A semicolon is a complex beast:
- You don't use it when you want an idea to stand on its own. You use a full stop for that.
- You don't use it to tie two ideas closely together because if you did, you'd relate them with lighter punctuation like a comma.
- You use it to relate two ideas weakly; it strongly implies there's a relationship between the two conjoined ideas but leaves it to the reader to determine what that implied relationship is.
As a result, it's difficult to use semicolons frequently without also using a slightly opaque writing style. When you use a semicolon, the fact that it clearly relates two clauses together without giving a direct indication what the relationship is necessarily forces your reader to read in-between the lines.
If you look at the list I gave above, the second bullet point relates its two clauses explicitly with the word because, allowing you to immediately understand that the second clause is related to the first due to providing an explanation for the first clause. In the third bullet point, the semicolon implies exactly the same relationship, but you are forced to read more carefully in order to understand that. You have to understand the two clauses separately, my implied context for writing this answer, and the parallelism in the entire list before you can be sure you correctly understand how the two halves of the sentence relate. It's not much more work, but it is more work nevertheless.
This isn't necessarily a bad thing because sometimes, that more opaque writing style is what you want. It's important to keep in mind that for writing fiction in particular, though, part of what you need to accomplish is making the task of reading your work pleasant and enjoyable for your readers. You typically want to write using a style that makes the semantic meaning of your story jump off of the page, allowing the reader to spend their mental energy on more sophisticated levels of your writing, such as the subtext in dialog or the thematic implications of characters' decisions. And, if possible, you want your writing to have a musical or poetic quality to it such that it "sounds good" in the reader's head.
Typically, a semicolon works counter to both of those goals. If you force a reader to spend some time figuring out whether your semicolon in, "I wanted to kill her; she had done so much to me," means that the speaker wants to kill her because of or in spite of what she had done, that's more work the reader has to do before getting back to reading in-between the lines of your story proper. And if you're trying to write with a musical quality, then forcing the reader to grind to a halt to understand a semicolon correctly can interrupt the rhythm (unless you're trying to get a slower effect).
All in all, though, these are definitely things to keep in mind at the level of being nitpicky. I would much rather read a story filled with semicolons, even awkward ones, that has compelling characters and themes than read a disjointed story with spotless prose. And every writer has their own style. Some people will never have occasion to use semicolons; others, like myself, will use them on occasion. You seem to like them, so more power to you!

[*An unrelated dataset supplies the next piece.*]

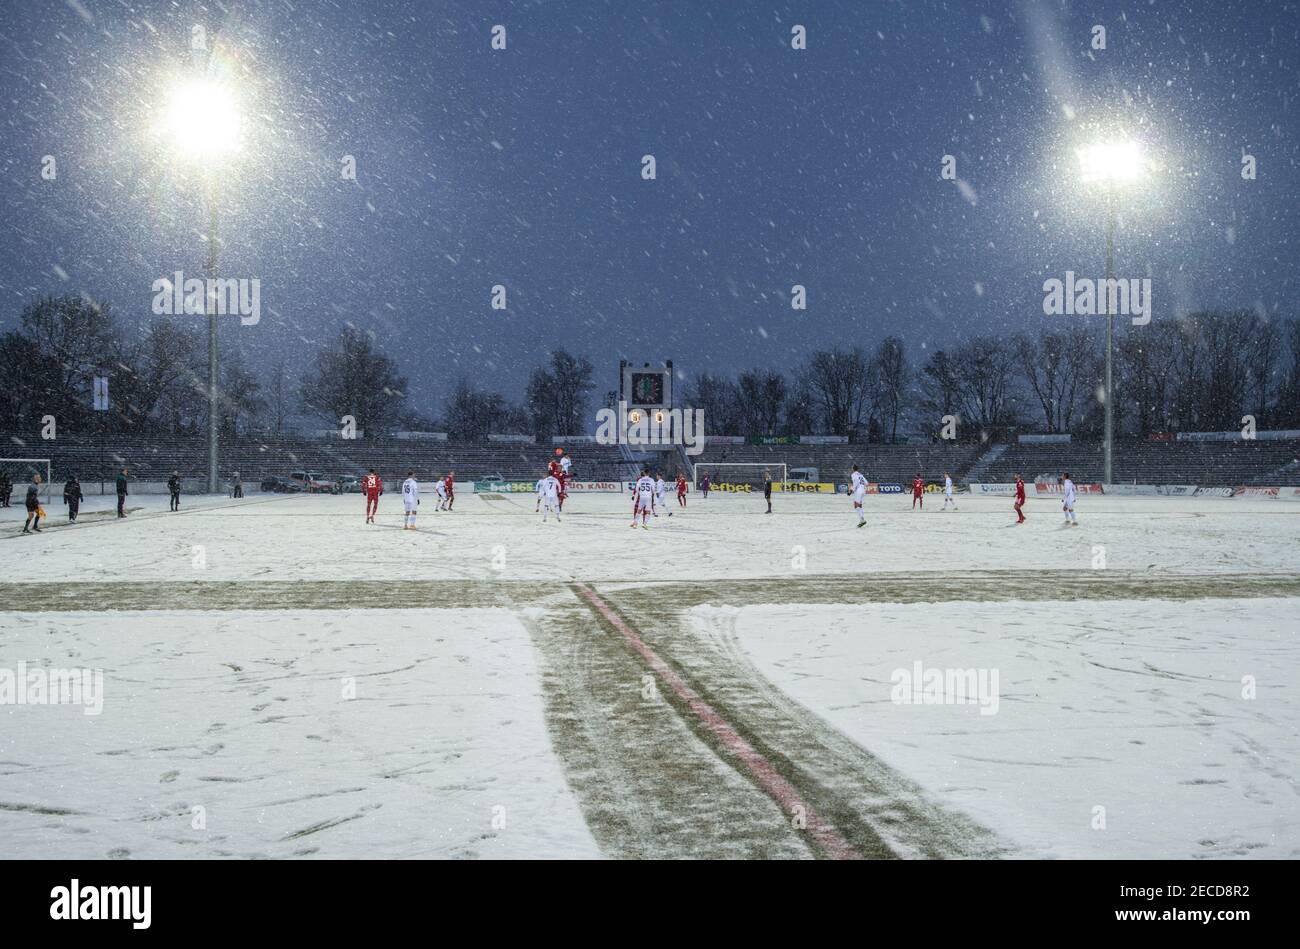 Sofia, Bulgaria - Feb 13 2021: Slavia stadium covered in snow during a football match between CSKA Sofia and Slavia Stock Photo
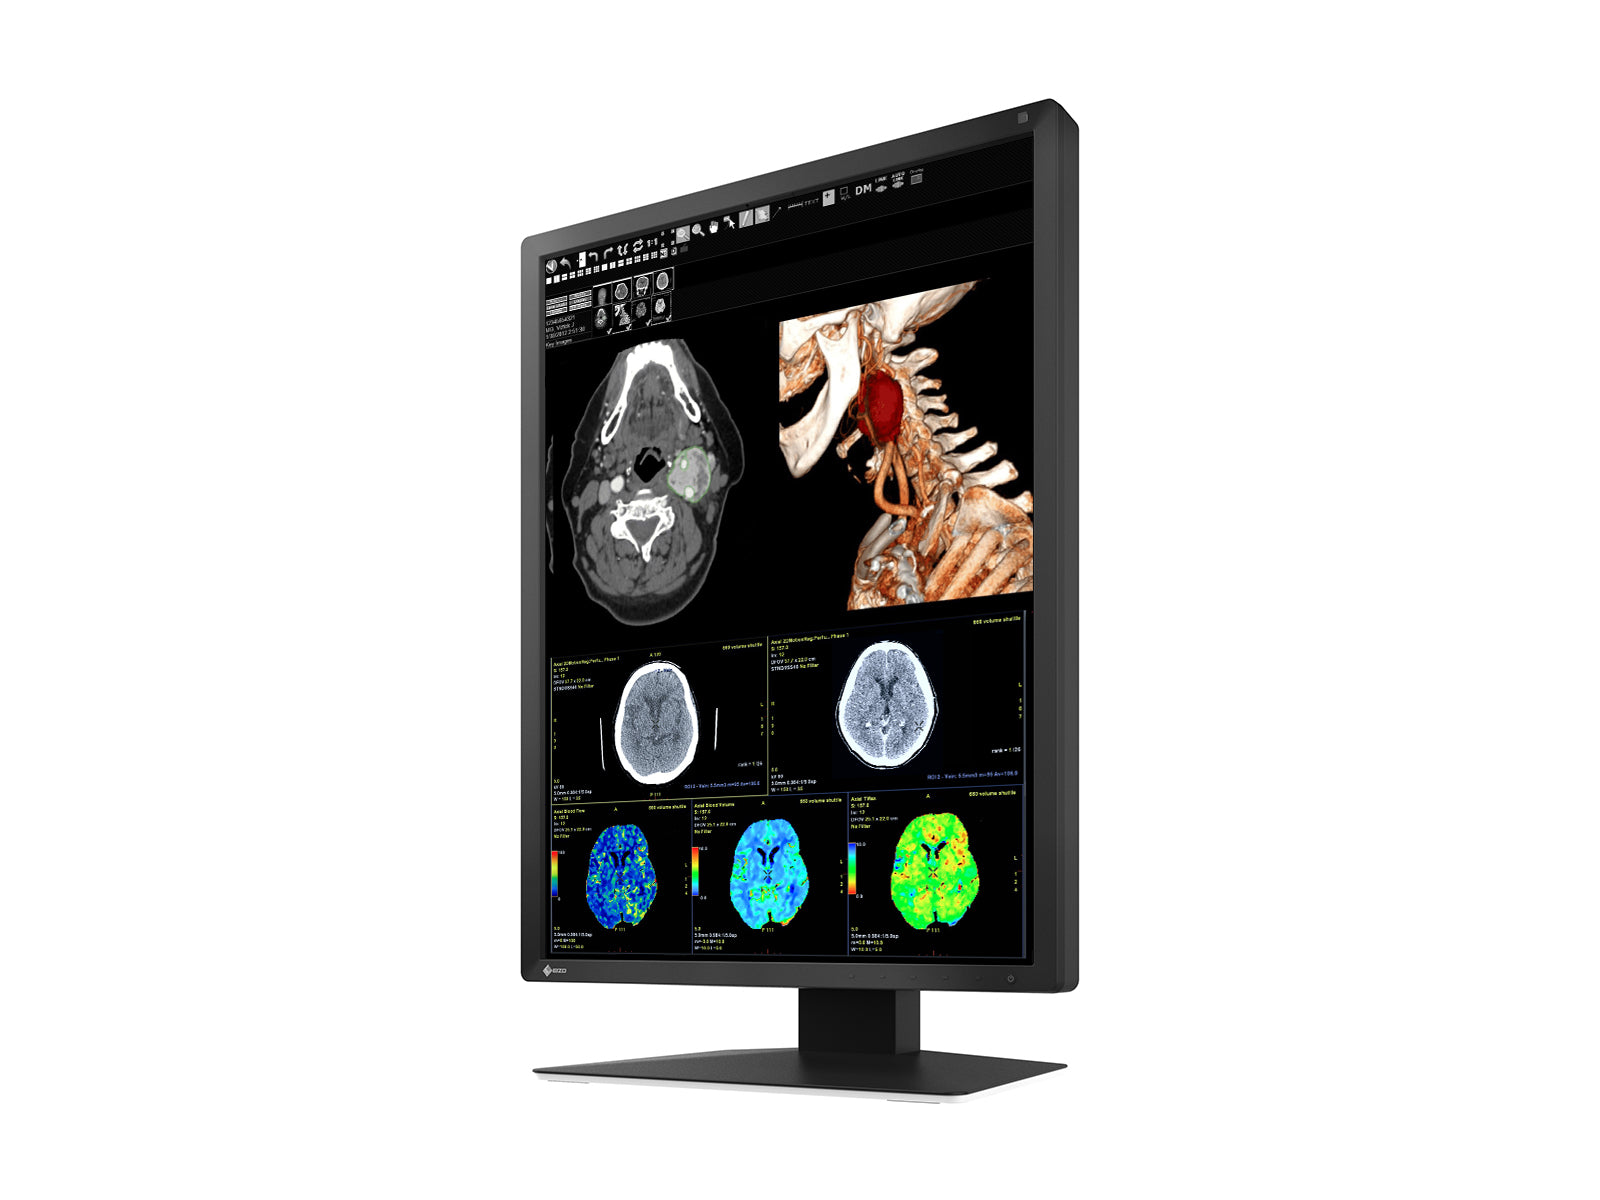 Eizo RadiForce MX217 2MP 21" Color LED Medical Display Monitor (MX217-BK) Monitors.com

When you finish your first few drafts of your story, you'll reach the point where the most important considerations aren't the structure or strength of the story proper, which have already been vetted and are largely set in stone, but rather getting the nuance and tone of each passage just so. This is the best time to consider the ideas of making your reading easy to approach and musical, and this is when you can really think carefully about each individual use of a semicolon. Until then, it's probably best to enjoy the story yourself as you discover it in the first couple drafts and not worry too much about the fine details of your prose, which you will thoroughly rework anyway.